Mala de Malolandia
Reconozco que mi maldad no tiene límites, y que hasta el riesgo me estoy corriendo de que los entes regaladores de la temporada me ignoren o me borren de su lista, porque solo una arpía desalmada sería capaz de tronchar las buenas intenciones de un prójimo tan empeñoso y chambeador, como suele ser un promotor de servicios bancarios, telefónicos o de entretenimiento, que lo que menos merece es exponerse a que una vieja agria, como yo no era pero me he vuelto, gratifique su entusiasmo y cortesía con cajas tan destempladas como la irritación que me provoca su persistente terquedad.
Pero es que ya no encuentro la manera de sacudirme a la pléyade de interlocutores telefónicos que durante el más reciente mes me han adoptado como el blanco de sus pretensiones mercadológicas, sin más propósito que el denodado afán de trastocar mis mustios ingresos para volverlos redituables egresos a favor de las compañías que representan.
Hasta donde me da la memoria, no recuerdo haber contratado recientemente a un publicista que me hiciera propaganda o que me anduviera recomendando como sujeto ampliamente solvente y ferozmente adquisitivo. Que yo sepa, a nadie he confiado que necesite un nuevo equipo o una línea extra de telefonía celular. Ninguno de los míos sospecha siquiera que ande deseosa de ampliar la velocidad de mi servicio de Internet o de aumentar la oferta televisiva que (por culpa de Netflix) ni de tiempo dispongo para ver. A los cuatro vientos he divulgado que no deseo nunca más volver a poner en acción el poder de mi firma para asegurarme una siguiente e interminable tanda de calambres, toda vez que la buena administración económica no es mi fuerte, y que la compradera constituye mi mejor antídoto para conjurar cualquier pesadumbre o conato depresivo.
De modo que no sé de dónde sacan estos ignotos individuos, quienes requiriéndome puntualmente por mis generales, me acosan hasta a deshoras y en días festivos para enfatizar que gracias a las excelentes recomendaciones que quién sabe quién diablos anda dando de mí, porque seguramente no me conoce, mis referencias son tan impecables y halagüeñas, que resulté seleccionada para convertirme en su cliente potencial idóneo para engancharme con sus mercaderías.

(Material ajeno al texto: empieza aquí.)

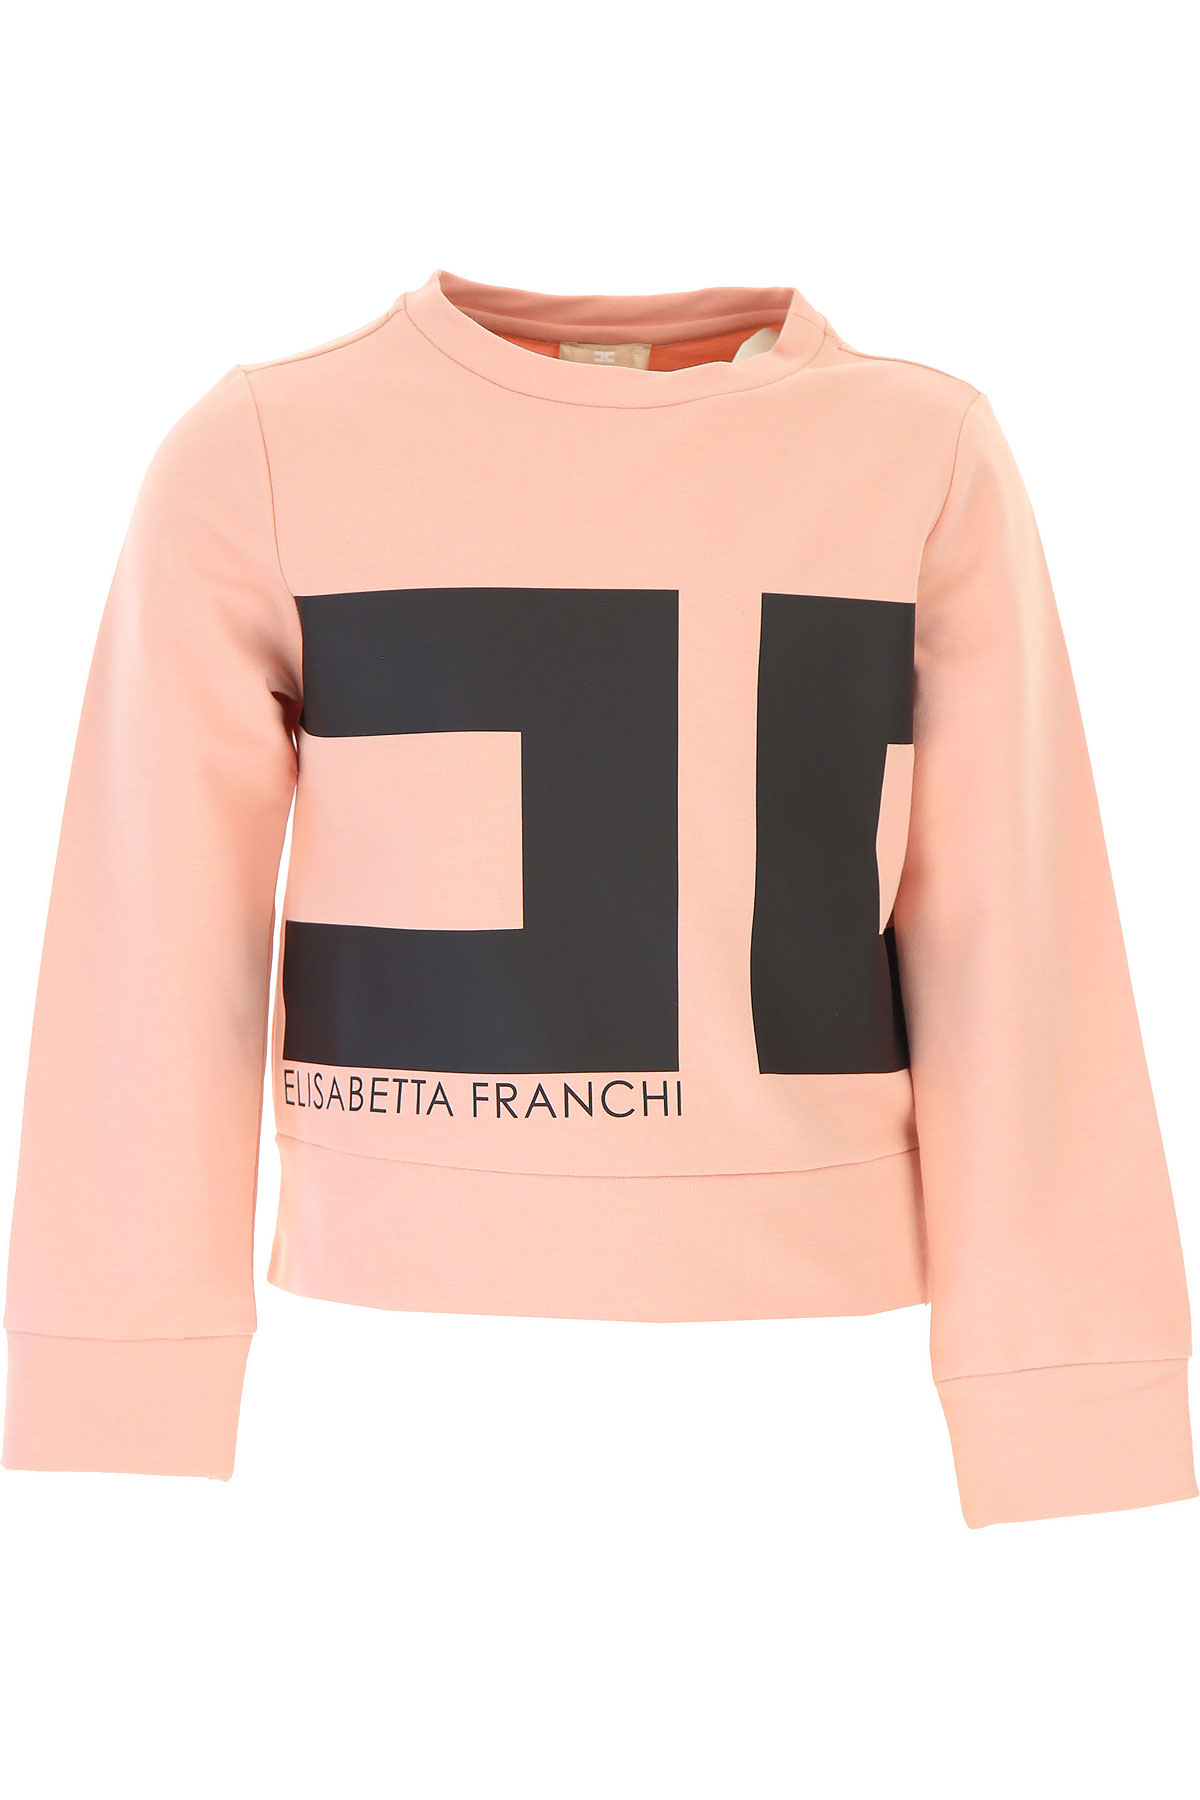 Elisabetta Franchi Kinder Sweatshirt & Kapuzenpullover für Mädchen Günstig im Sale, Pink, Baumwolle, 2017, L M S XS XXS

No saben cómo desearía que al primer desaire verbal que les manifiesto con toda la claridad posible, se dieran por enterados de que, aunque aprecio y valoro su empeño, no me siento dispuesta a dejarme planchar la oreja con sus peroratas, aunque cuenten con promociones especiales, extensiones adicionales, con la tasa más baja del mercado, sin cuotas de apertura y extensos beneficios inimaginables.

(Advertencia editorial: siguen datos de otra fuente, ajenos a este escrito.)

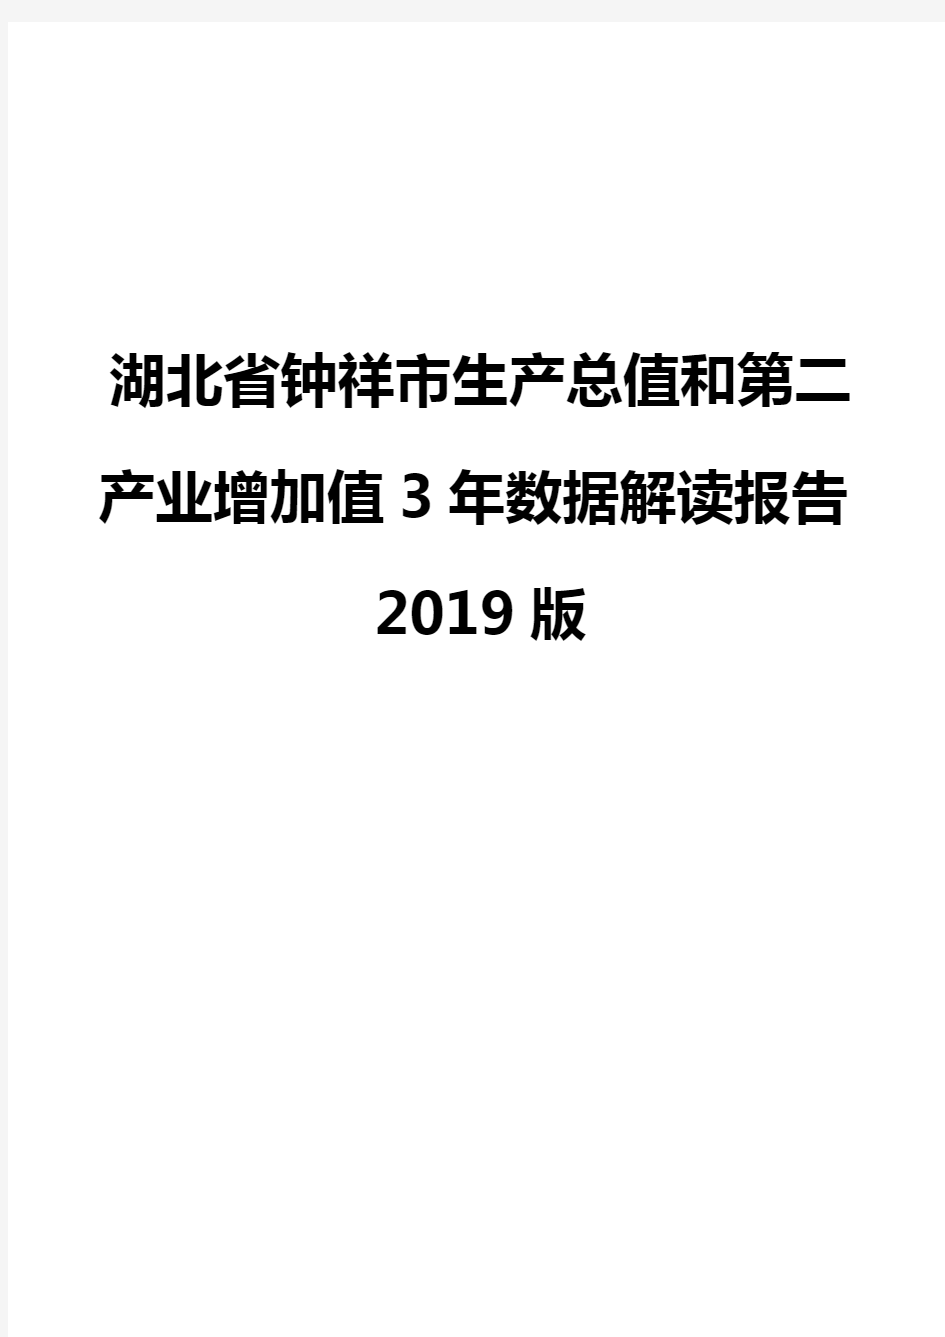 湖北省钟祥市生产总值和第二产业增加值3年数据解读报告2019版

Estos incansables merolicos posmodernos deben contar con alguna suerte de bloqueadores auditivos y blindaje psicológico porque, o no escuchan los razonamientos ajenos, o les vale gorro interrumpir la comida, ignorar la prisa, soslayar la urgencia o desestimar el absoluto y rotundo rechazo a sus ofrecimientos. Sé que todos ellos honran sus horas de trabajo y que, muy posiblemente, con cada incauto que dobleguen aumenta su comisión. Sé que la vida es dura, que la crisis arrecia, que los campos laborales no abundan y que los humanos persistimos en el insostenible vicio de comer tres veces al día, todos los días. Pero los promotores de lo que sea, por la vía telefónica, me han hecho darme cuenta de lo incomprensiva, intolerante y mala persona que soy.